Manzey D
DLR-Institute of Aviation and Space Medicine, Department of Aviation and Space Psychology, Hamburg, Germany.
Aviat Space Environ Med. 2000 Sep;71(9 Suppl):A69-75.
Mental performance of astronauts during spaceflight may suffer from both direct effects of microgravity on perceptual, cognitive, and psychomotor processes, and unspecific stress effects on these functions due to high workload sleep disturbances, or the general burden of adapting to the extreme living conditions in space. Early detection of any signs of mental performance impairments seems to be essential for mission success and to prevent obvious performance decrements in critical mission tasks. One possible approach to this problem is to assess the astronaut's performance on specific screening tests repeatedly during a space mission and to compare the results with a self-referenced baseline established pre-flight. The selection of screening tests for this purpose should be guided by three different criteria: 1) their reliability; 2) their sensitivity (i.e., their power to reveal subtle mental performance changes induced by internal or external stressors during spaceflight); and 3) their diagnosticity (i.e., their capability to reveal the underlying processes that lead to these performance deficits). Based on a discussion of these theoretical issues, first attempts to monitor mental performance of astronauts during spaceflight by means of short-term laboratory tasks are reviewed. The results of these studies suggest that, in particular, perceptual-motor tasks (tracking) and tasks placing comparatively high demands on attentional processes (e.g., dual-tasks) represent sensitive monitoring measures. First studies on the diagnositicity of tracking performance decrements during spaceflight suggest that they reflect both microgravity-related changes in the sensory-motor system as well as unspecific stress-effects, with the former factor reflected primarily in tracking performance decrements during early adaptation to the microgravity environment.

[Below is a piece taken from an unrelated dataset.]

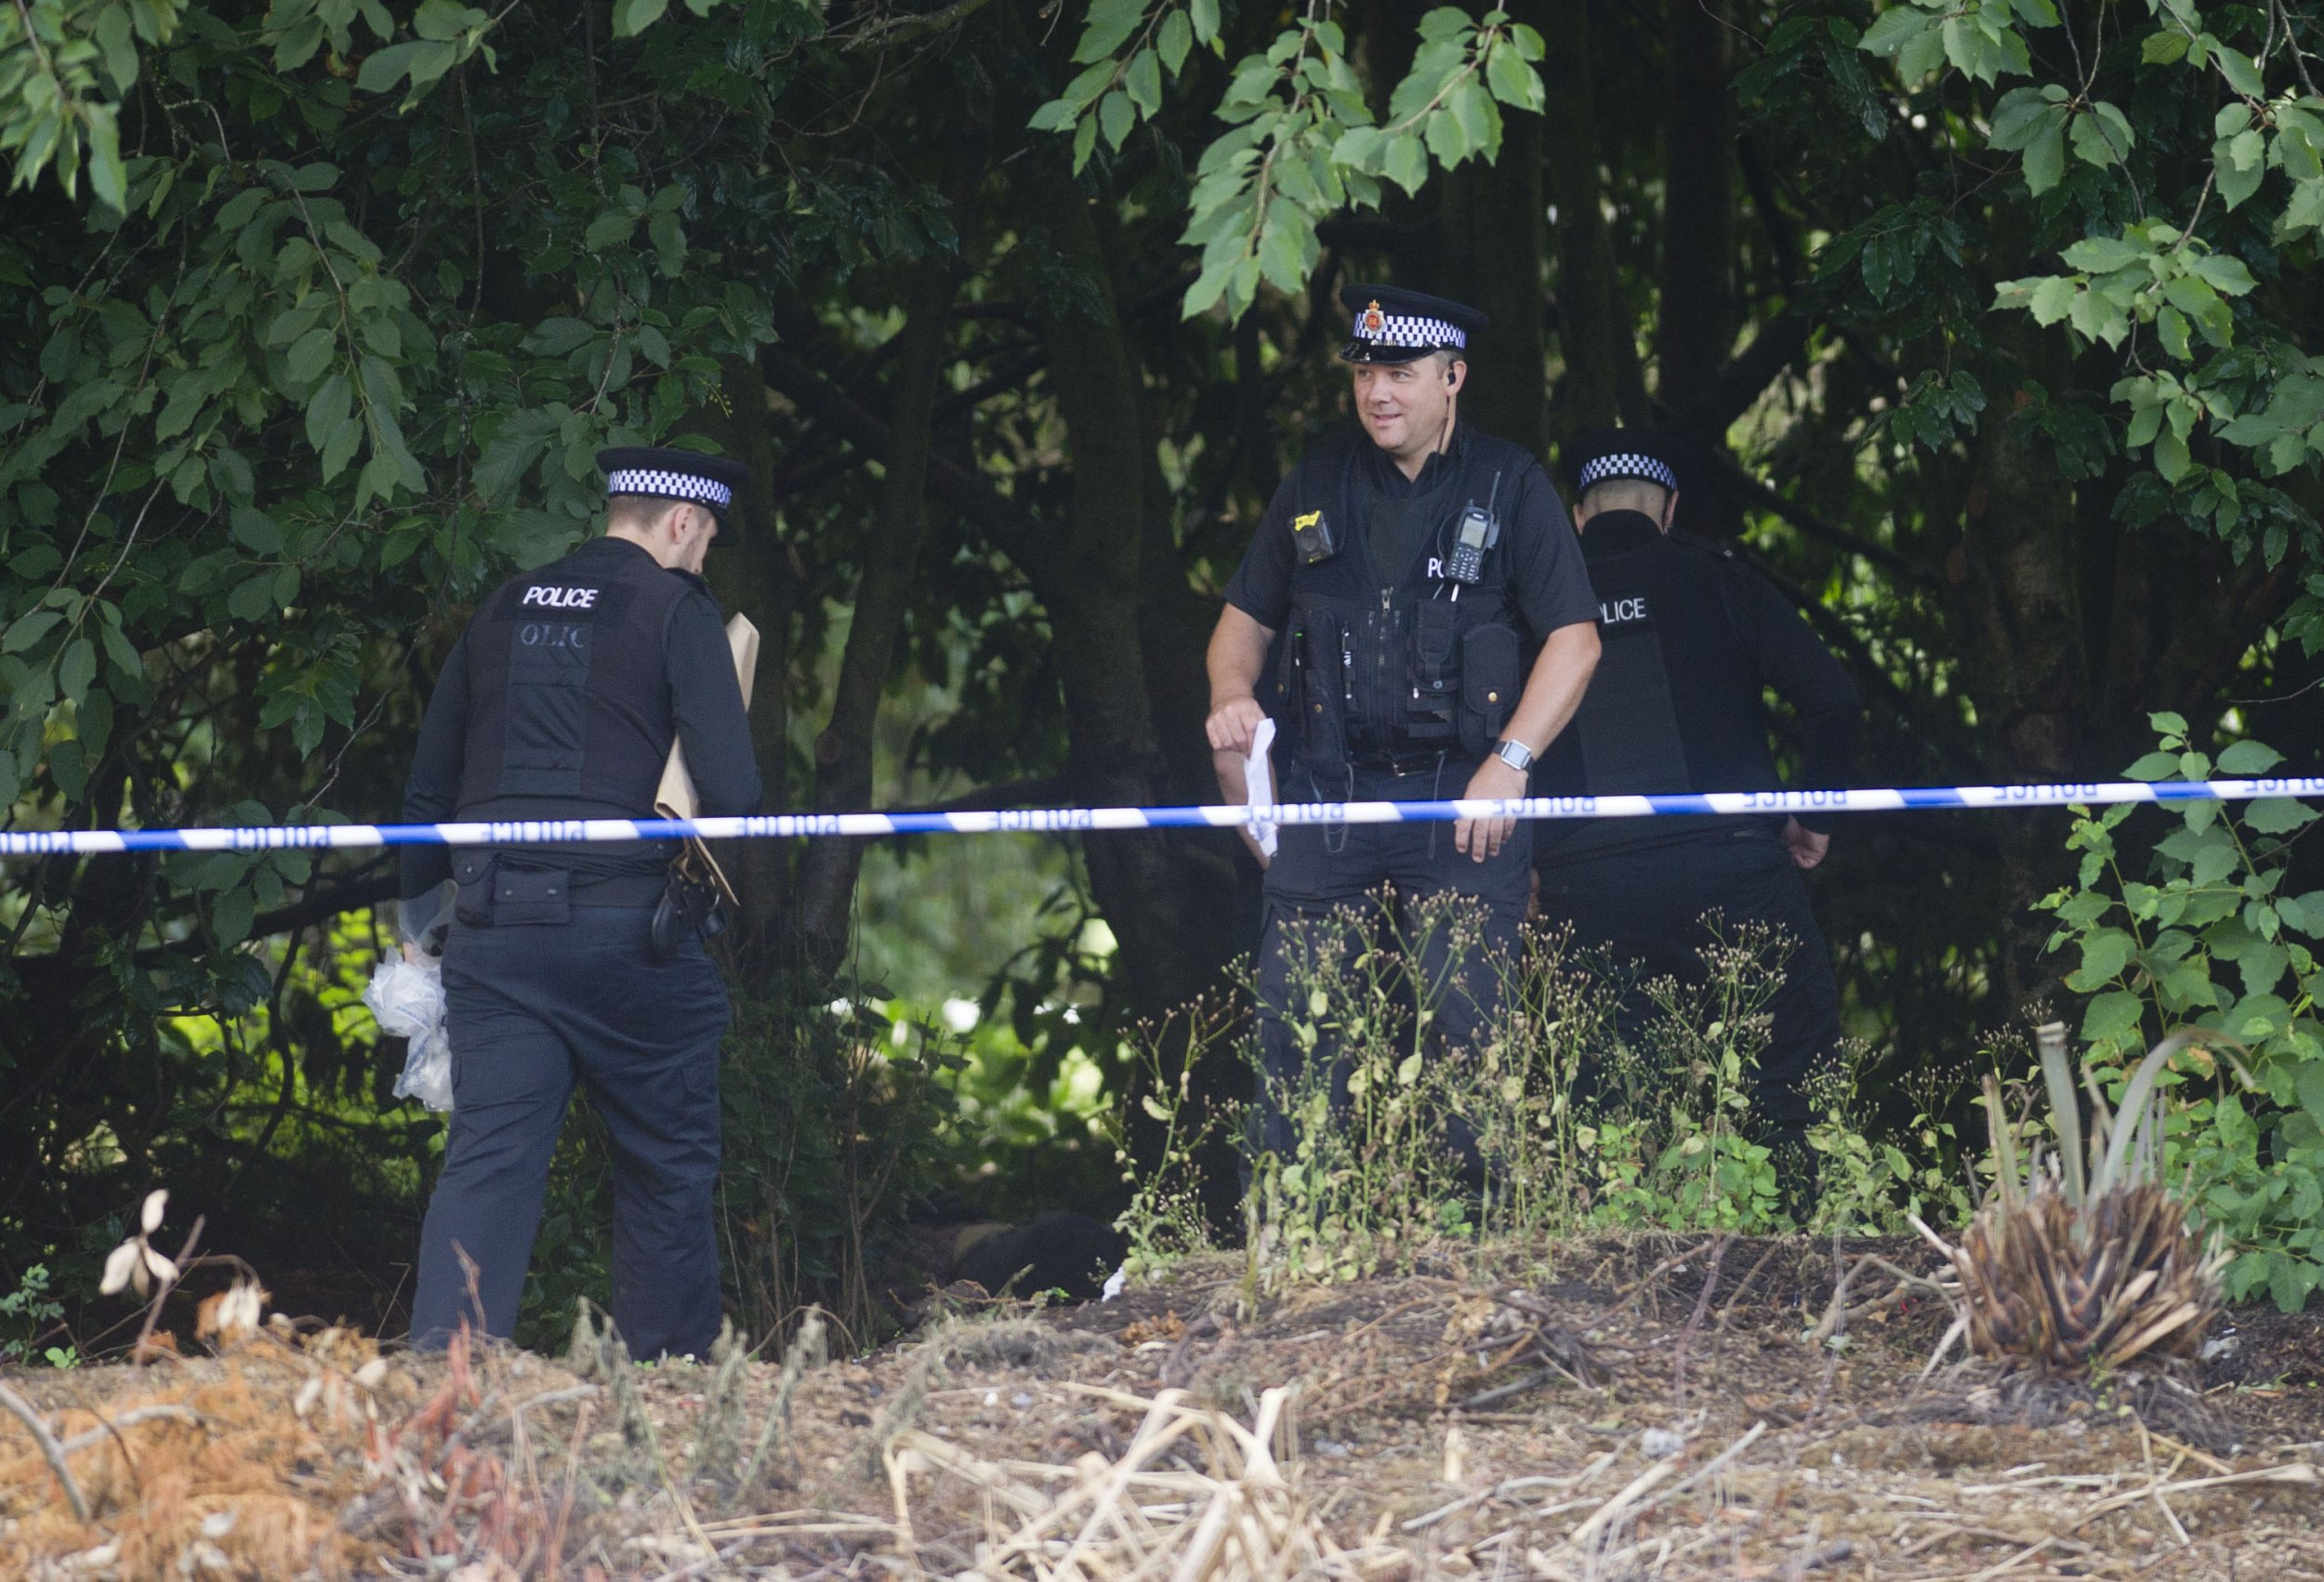 Police scene in Davyhulme park urmston Vincent Cole 31 July 2018

宇航员在太空飞行期间的心理表现可能会受到微重力对感知、认知和心理运动过程的直接影响,以及由于高工作量、睡眠干扰或适应太空极端生活条件的总体负担而对这些功能产生的非特异性应激影响。尽早发现任何心理表现受损的迹象对于任务成功以及防止关键任务中的明显表现下降似乎至关重要。解决这个问题的一种可能方法是在太空任务期间反复评估宇航员在特定筛查测试中的表现,并将结果与飞行前建立的自我参照基线进行比较。为此目的选择筛查测试应遵循三个不同标准:1)测试的可靠性;2)测试的敏感性(即其揭示太空飞行期间内部或外部应激源引起的细微心理表现变化的能力);3)测试的诊断性(即其揭示导致这些表现缺陷的潜在过程的能力)。基于对这些理论问题的讨论,回顾了首次尝试通过短期实验室任务监测宇航员在太空飞行期间心理表现的情况。这些研究结果表明,特别是感知运动任务(追踪)和对注意力过程要求相对较高的任务(例如双重任务)是敏感的监测指标。关于太空飞行期间追踪性能下降的诊断性的初步研究表明,它们既反映了感觉运动系统中与微重力相关的变化,也反映了非特异性应激效应,前一个因素主要反映在早期适应微重力环境期间的追踪性能下降中。